El Decamerón negro, the three-movement suite from 1981, represents Brouwer in what he called his “national Hyper-Romanticism” phase—a term that sounds more pretentious than the music actually is. Written for Sharon Isbin and based on African folk tales collected by Leo Frobenius, it explores Afro-Cuban traditions with considerable sophistication. “El arpa del guerrero” opens with those distinctive percussive attacks on the soundboard that have become something of a Brouwer signature. Papandreou produces them cleanly, without exaggeration—they punctuate rather than dominate. “La huida de los amantes sobre el valle de ecos” is the most overtly romantic movement, and here I wish she’d allowed herself slightly more timbral variety. The echoes feel a bit monochromatic. But “Ballada de la doncella enamorada” receives an interpretation of real tenderness, the melodic line singing without strain.
The Variations on a Theme of Django Reinhardt take Reinhardt’s “Nuages” as their starting point—apparently the only time Brouwer has used theme-and-variation form, which seems curious for a composer of his generation and inclinations. The variations move from jazz-inflected harmonies through more abstract territories, though never entirely abandoning the theme’s wistful character. Papandreou navigates the stylistic shifts with intelligence, if not always with the kind of improvisatory freedom the material might invite.

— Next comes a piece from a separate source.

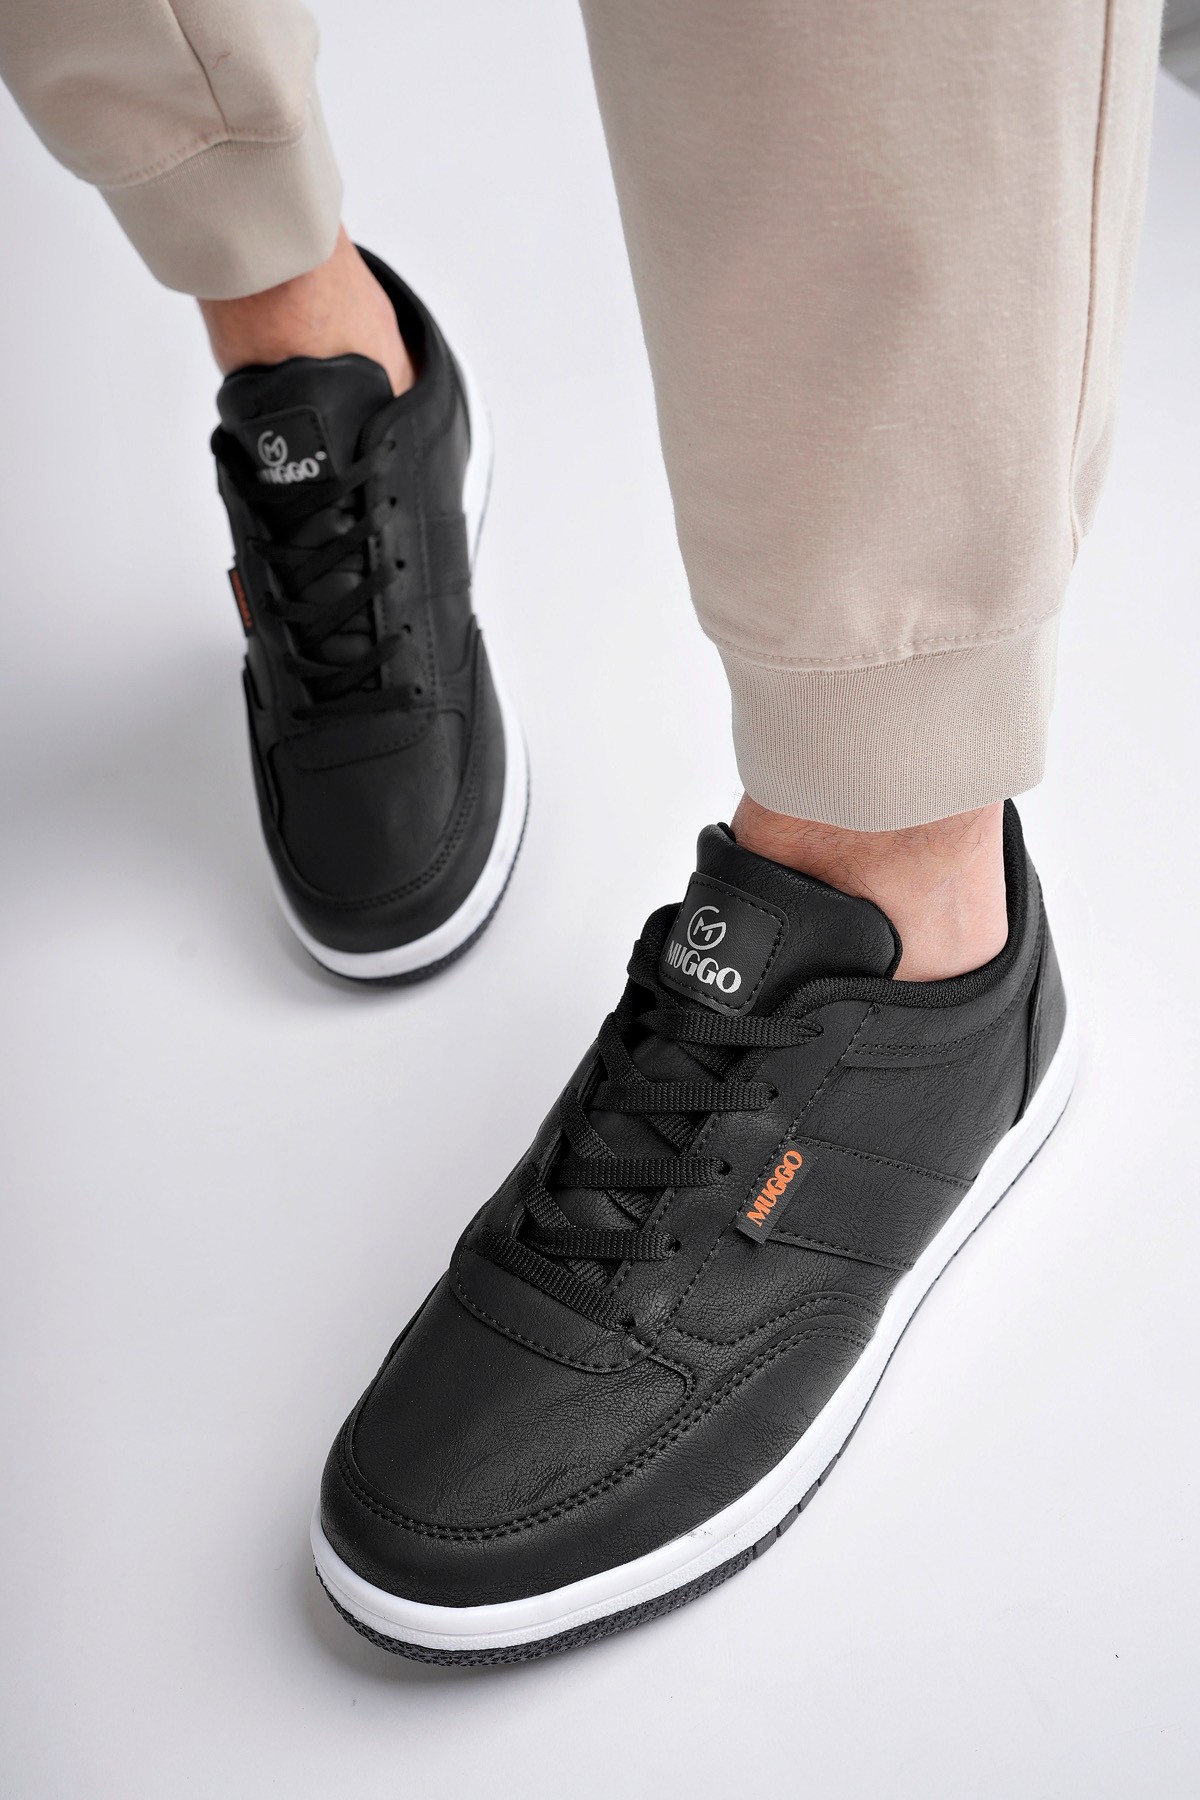 Muggo JOEL Garantili Erkek Günlük Casual Bağcıklı Sneaker Spor Ayakkabı - SİYAH- BEYAZ

Technical demands throughout this repertoire are considerable. Brouwer asks for sounds that lie outside the guitar’s conventional palette—those detuned strings, percussive effects, extreme dynamic contrasts in rapid succession. Papandreou handles them with what I can only call unflappable competence. Her tone remains focused even in the most awkward passages, her rhythm secure even when the meter fragments.
But—and this matters—competence isn’t quite the same as revelation. Her previous Naxos disc (Stravinsky, Dyens, Koshkin) showed similar qualities: scrupulous preparation, intelligent musicianship, technical solidity. What’s sometimes missing is that extra dimension of personal urgency, the sense that this music must be played exactly this way and no other. In “Tarantos,” for instance, the flamenco elements feel more referenced than inhabited. She plays the notes correctly, observes the rhythmic inflections, but something of the music’s raw nerve remains just out of reach.

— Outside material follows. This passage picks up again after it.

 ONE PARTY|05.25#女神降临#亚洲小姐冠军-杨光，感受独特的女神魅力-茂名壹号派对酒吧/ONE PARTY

The recording, made in what sounds like a relatively dry acoustic, serves the music well enough. Close but not claustrophobic. You hear the left-hand slides, the breath of the right-hand attack, the subtle buzz of a string against a fret—all the intimate details of guitar playing captured without fetishizing them.
For Brouwer enthusiasts, this disc is essential—no question. It documents a crucial phase of his development and includes pieces (those preludes especially) that deserve wider currency. Papandreou’s performances are more than respectable; they’re often genuinely illuminating. Whether they’re definitive is another matter. But in this repertoire, at this price, with this level of musical intelligence, one shouldn’t complain too loudly about the absence of miracles.
The guitar repertoire remains stubbornly resistant to canonization, and Brouwer’s more experimental works will likely remain specialists’ territory. This disc makes the best possible case for them—which is to say, it plays them straight, trusts their musical substance, and lets them speak. Sometimes that’s enough.